Oconee County High School head coach Travis Noland remembers where the program was when he took the reigns or the Warriors six years ago.
Noland talked about winning championships in the plural tense. Noland was a coach taking over a program that had just finished a nine-year run in which the Warriors did not have a winning season.
It had been a decade and a half since the last state championship. The doubt was easy to spot. Some thought Noland was blowing smoke and dreaming a little too large and far into the future.

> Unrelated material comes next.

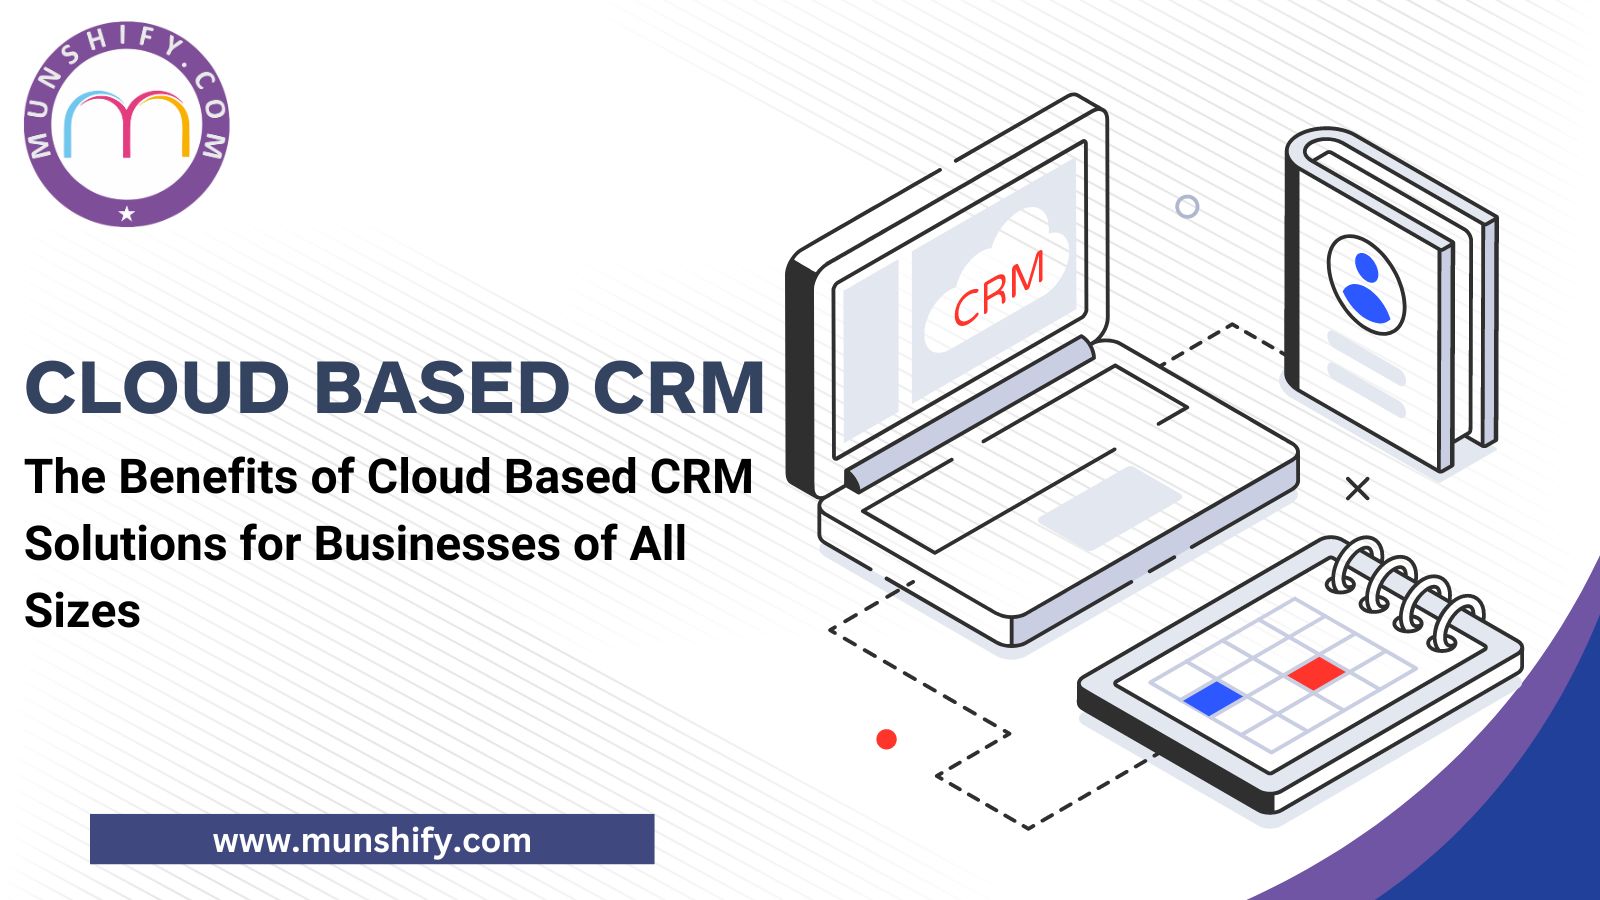 The Benefits of Cloud Based CRM Solutions for Businesses of All Sizes 
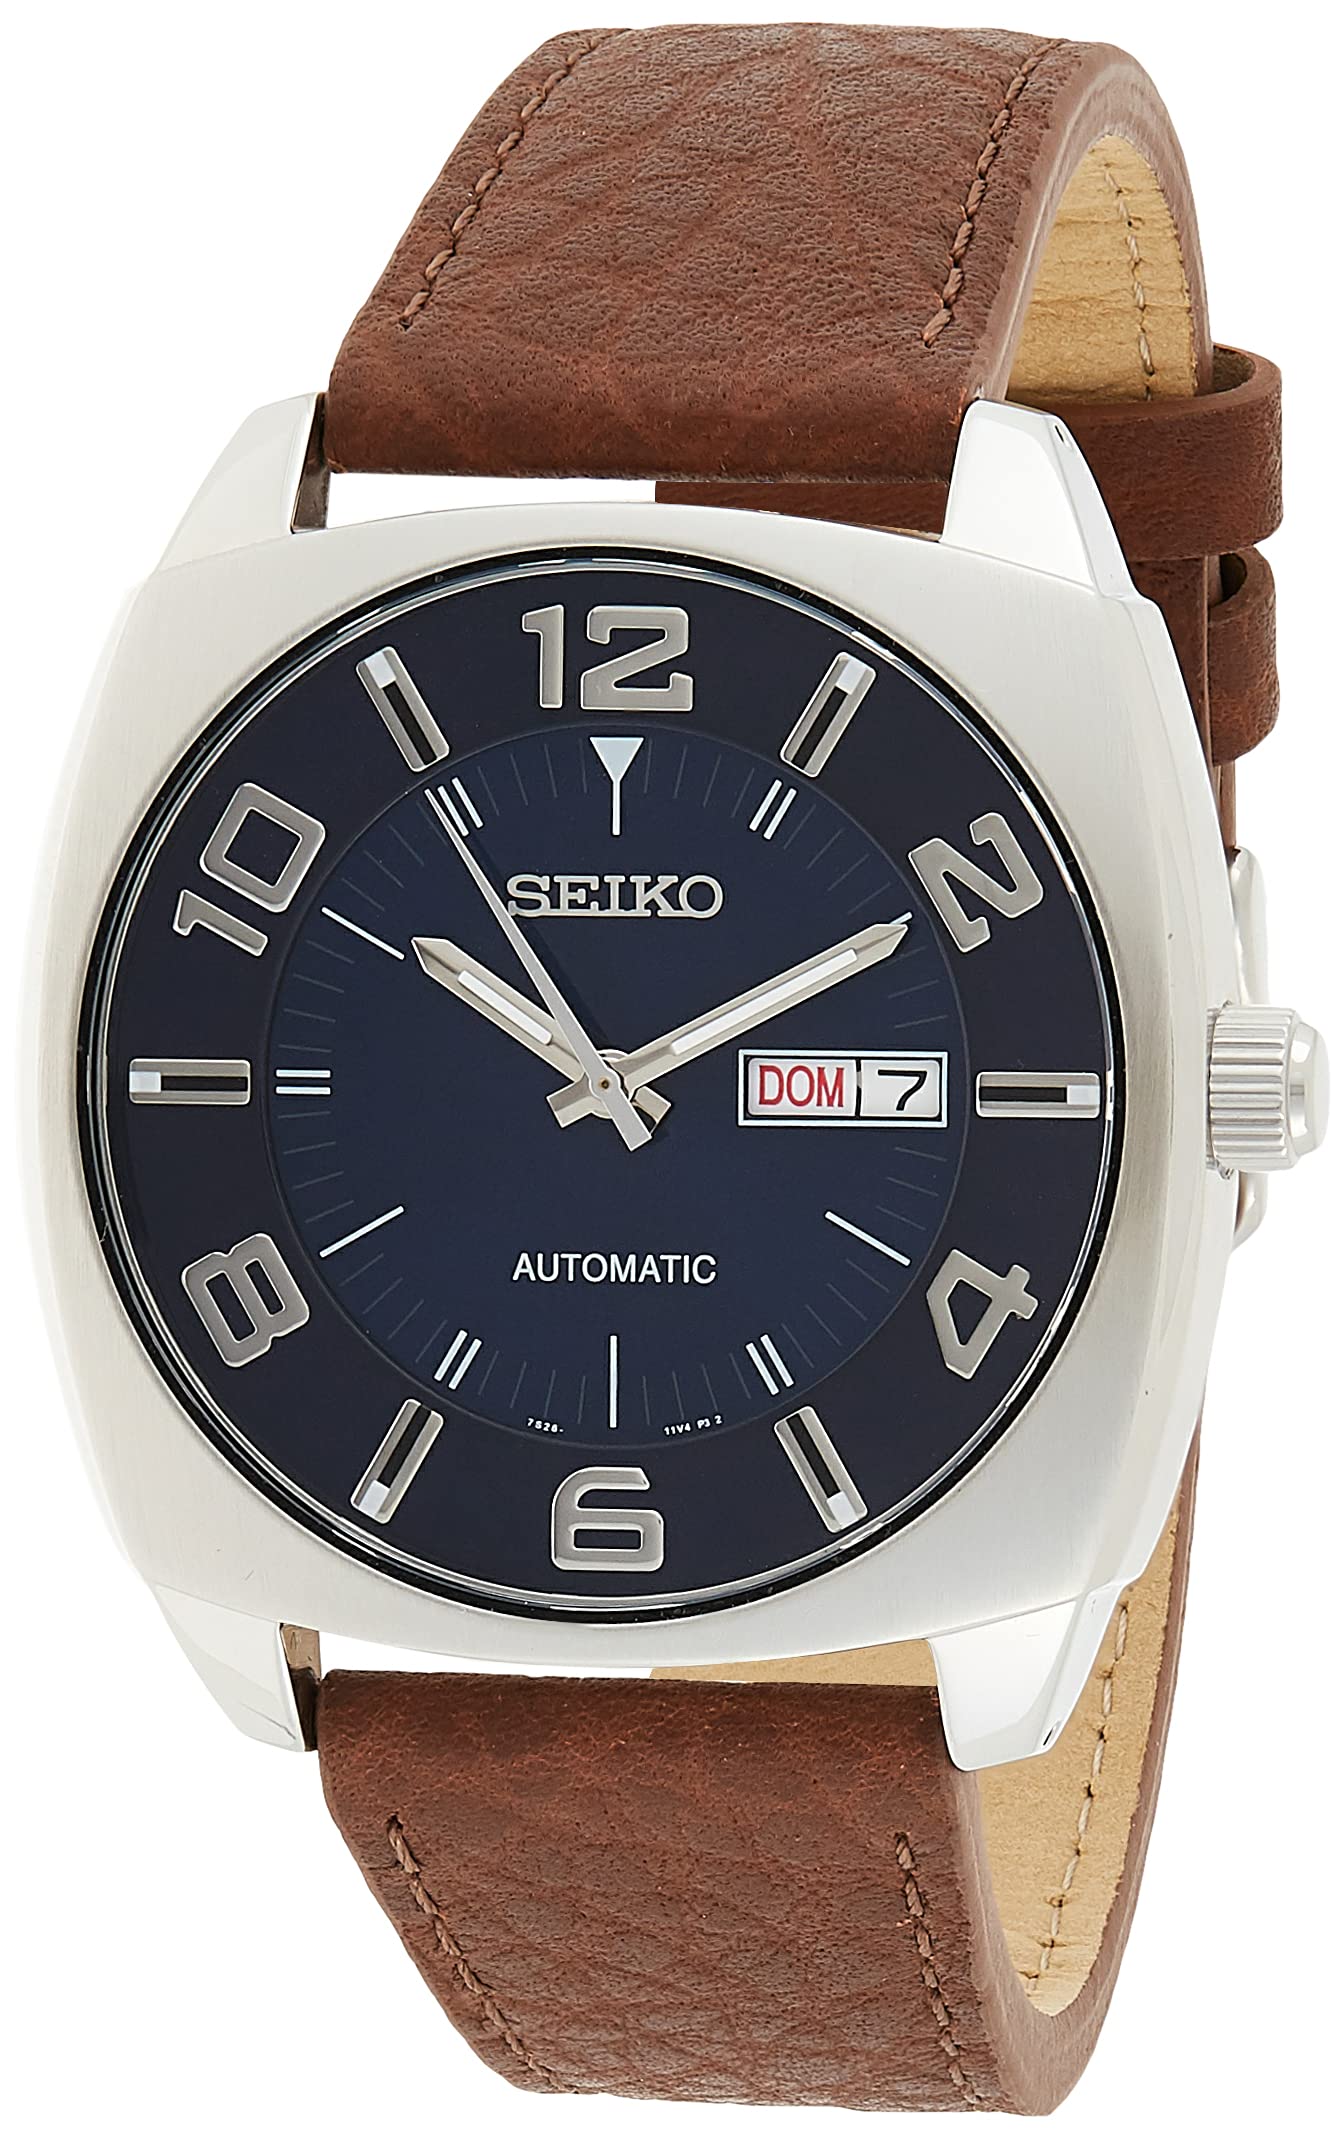 Seiko Men's SNKN37 Stainless Steel Automatic Self-Wind Watch with Brown Leather Band - $108.98 at Amazon

“When I came here six years ago and this program was rock bottom basically, I told them I came here to win championships,” Noland said. “People thought I was crazy. Over the last six years our guys have established what it takes to be champions. These guys have been in the program for four years and I’m very proud of them.”
Outside of his proclamation of his expectations for the program under his tutelage, Noland isn’t one to project and worry about things too far ahead. Things are done one week, one practice and one snap at a time.
That very approach is what helped the Warriors to their 17-7 win over Marist that inched the Warriors ever closer to the school’s first football championship since 1999. The win sends the Warriors deeper than they have been since they won the 1999 state title.
The slow build and crescendo effect that got the Warriors to the Elite Eight helped them prepare for the unique challenges presented by Marist.
The Warriors’ defense posted another dominant outing. The Warriors held the War Eagles’ triple option offense to 160 total yards of offense, 51 of which came on one long touchdown by the War Eagles. The Warriors forced three turnovers, two of which came from Liam Lewis interceptions. The second of Lewis’ takeaways sealed the win for the Warriors.
The Warriors have seen the triple option four times this season. Noland felt the games preparing for Jefferson High School, Morgan County High School, St. Pius X Catholic and Madison County High School readied the Warriors for the otherwise rare offense.
“I think we defend the triple option better than anybody in the state of Georgia,” Noland said. “We spent months traveling all over the southeast meeting with different coaches trying to get different ideas because we knew we had to play Jefferson, St. Pius and Madison County. That helped us get ready for Marist. You have to go way back in their history books to find the last time Marist only scored seven points in a playoff game. Our players are the reason it works. It’s not just the schemes.”
The Warriors’ offense wasn’t as explosive as it had been the last two weeks, and it suffered even more throughout much of the game without senior wide receiver Ben Noland who went down with a knee injury. Even so, when the opportunities were there, they struck vital blows.
Max Johnson was 18-for-25 for 197 yards and two touchdowns. Jake Johnson caught eight passes for 114 yards and two touchdowns.
“We feel for him (Ben Noland), we’re playing for him and all the guys stepped up,” Max said.
With only one other game in town on Friday night, the Warriors saw an electric day-after Thanksgiving crowd. Noland’s seen the work the Warriors have put in and applauds the community for backing the blue-collar bunch.
“I think these players deserve it,” Noland said. “They’ve worked extremely hard. Sometimes great teams aren’t made up of great character, but we’ve got some great character on this team. It’s a team that this community should be proud of.”
The Warriors will host Sandy Creek High School with a trip to the Class 4A state championship game on the line next Friday night at 7:30 p.m. The Patriots defeated OCHS’ Region 8-4A foe Madison County on Friday night.